The new plan, outlined in documents obtained by USA TODAY, would roll back an Obama administration executive order that blocked armored vehicles, large-caliber weapons, ammunition and other heavy equipment from being re-purposed from foreign battlefields to America’s streets.
On Monday, Attorney General Jeff Sessions is scheduled to address the annual meeting of the Fraternal Order of Police, the nation’s largest police union, and he may outline the program changes there.
Administration officials did not immediately respond to requests for comment.
However, the administration’s action would restore “the full scope of a longstanding program for recycling surplus, lifesaving gear from the Department of Defense, along with restoring the full scope of grants used to purchase this type of equipment from other sources,” according to an administration summary of the new program recently circulated to some law enforcement groups.
“Assets that would otherwise be scrapped can be re-purposed to help state, local and tribal law enforcement better protect public safety and reduce crime.”
Many law enforcement organizations have lobbied for a reversal of Obama’s policy. They’ve argued that access to this equipment was needed to better respond to increasing social unrest and violence. Moreover, many smaller agencies simply do not have budgeted monies for this kind of capital expense.
The practice of military surplus incurred a black eye in 2014 during the Ferguson riots, according to groups that were unsupportive law enforcement efforts.
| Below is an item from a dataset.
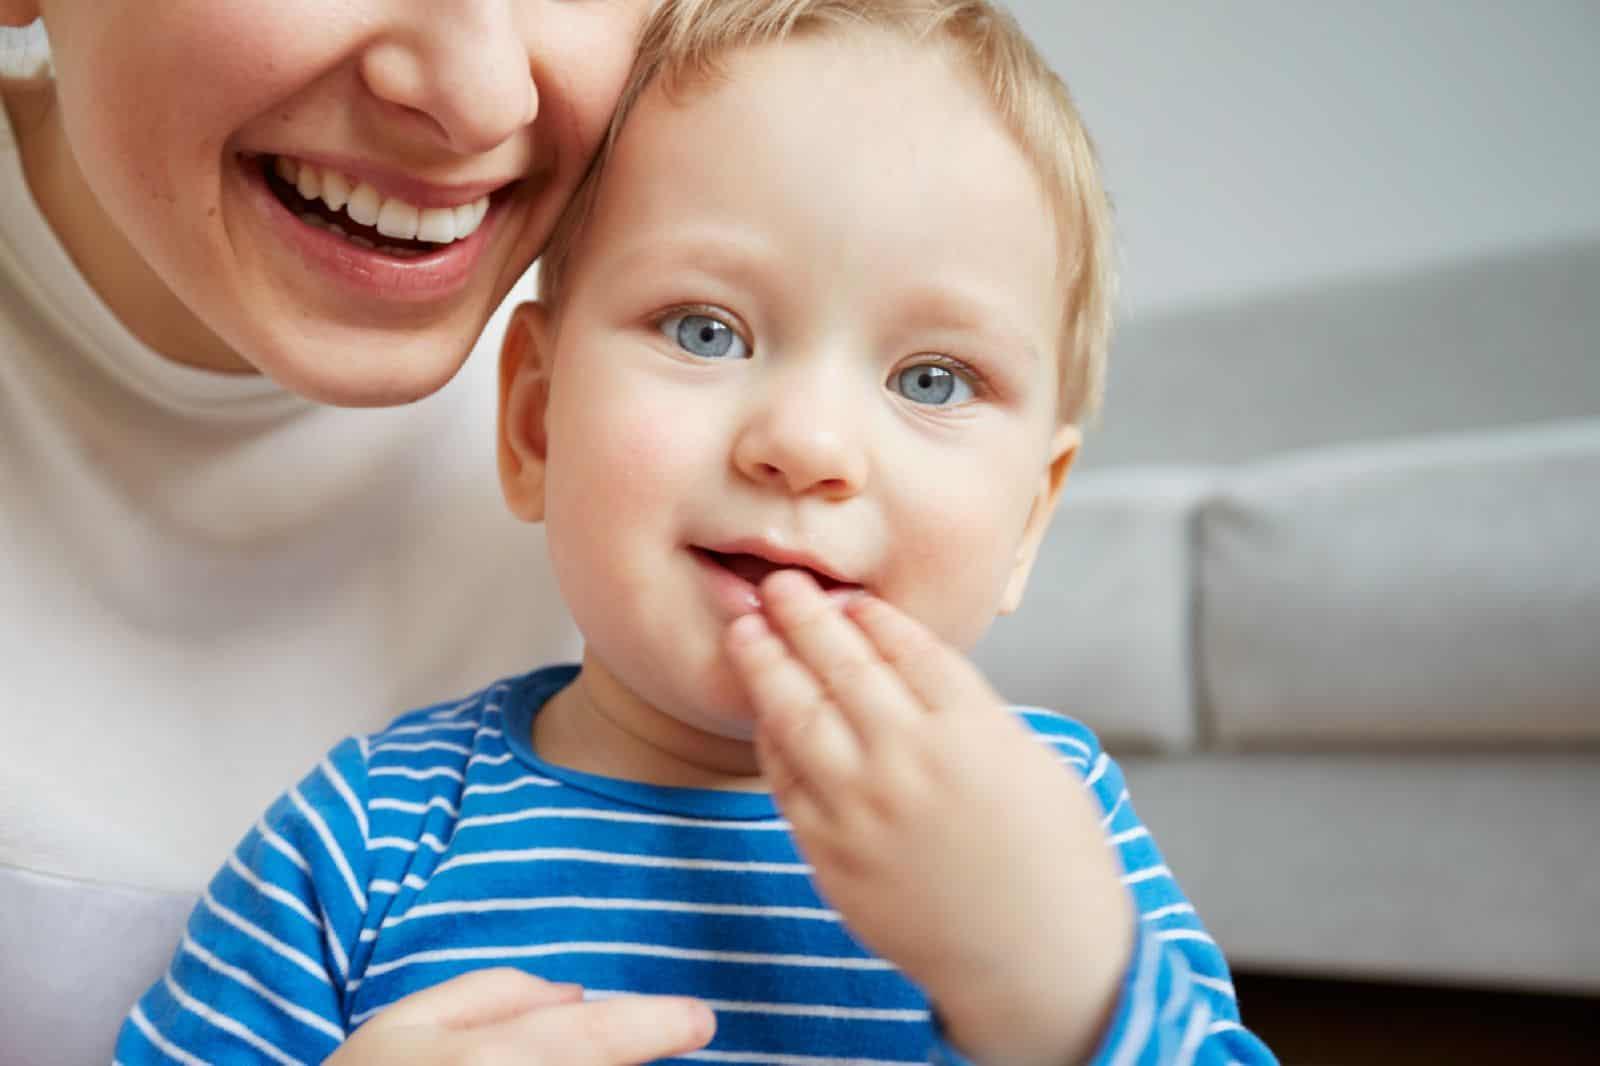 Как поменять фамилию ребенку без согласия отца после развода?

The deployment of such equipment, President Obama argued at the time, cast the police as an “occupying force,” deepening a divide between police and a wary community.
“We’ve seen how militarized gear can sometimes give people a feeling like they’re an occupying force, as opposed to a force that’s part of the community that’s protecting them and serving them,” Obama said in announcing the ban in 2015.
The military gear ban was among a host of policing reform recommendations to flow from a White House advisory group formed in the aftermath of the Ferguson rioting.
The Task Force on 21st Century Policing, chaired by former Philadelphia Police Commissioner Charles Ramsey and Laurie Robinson, a former assistant attorney general, called on law enforcement officials to “minimize the appearance of a military operation” when policing mass demonstrations.
“Avoid using provocative tactics and equipment that undermine civilian trust,” the task force urged.
Yet the people making these recommendations are not the officers in harms way. Perhaps if they were as aggressively dissuading the actions of rioters as they were of the police response, the equipment would not be necessary. But it is.
The surplus sharing agreement, also known as the “1033 program,” was created by Congress nearly 30 years ago as part of the National Defense Authorization Act. It was originally intended to assist local law enforcement in drug investigations.
The program was expanded in 1997 to include all local law enforcement operations, including counter-terrorism. Since then, according to the government, more than $5 billion in gear has been transferred to state, local and tribal law enforcement agencies.
“Much of the equipment provided through the 1033 program is entirely defensive in nature … that protects officers in active shooter scenarios and other dangerous situations,” the Trump administration proposal says.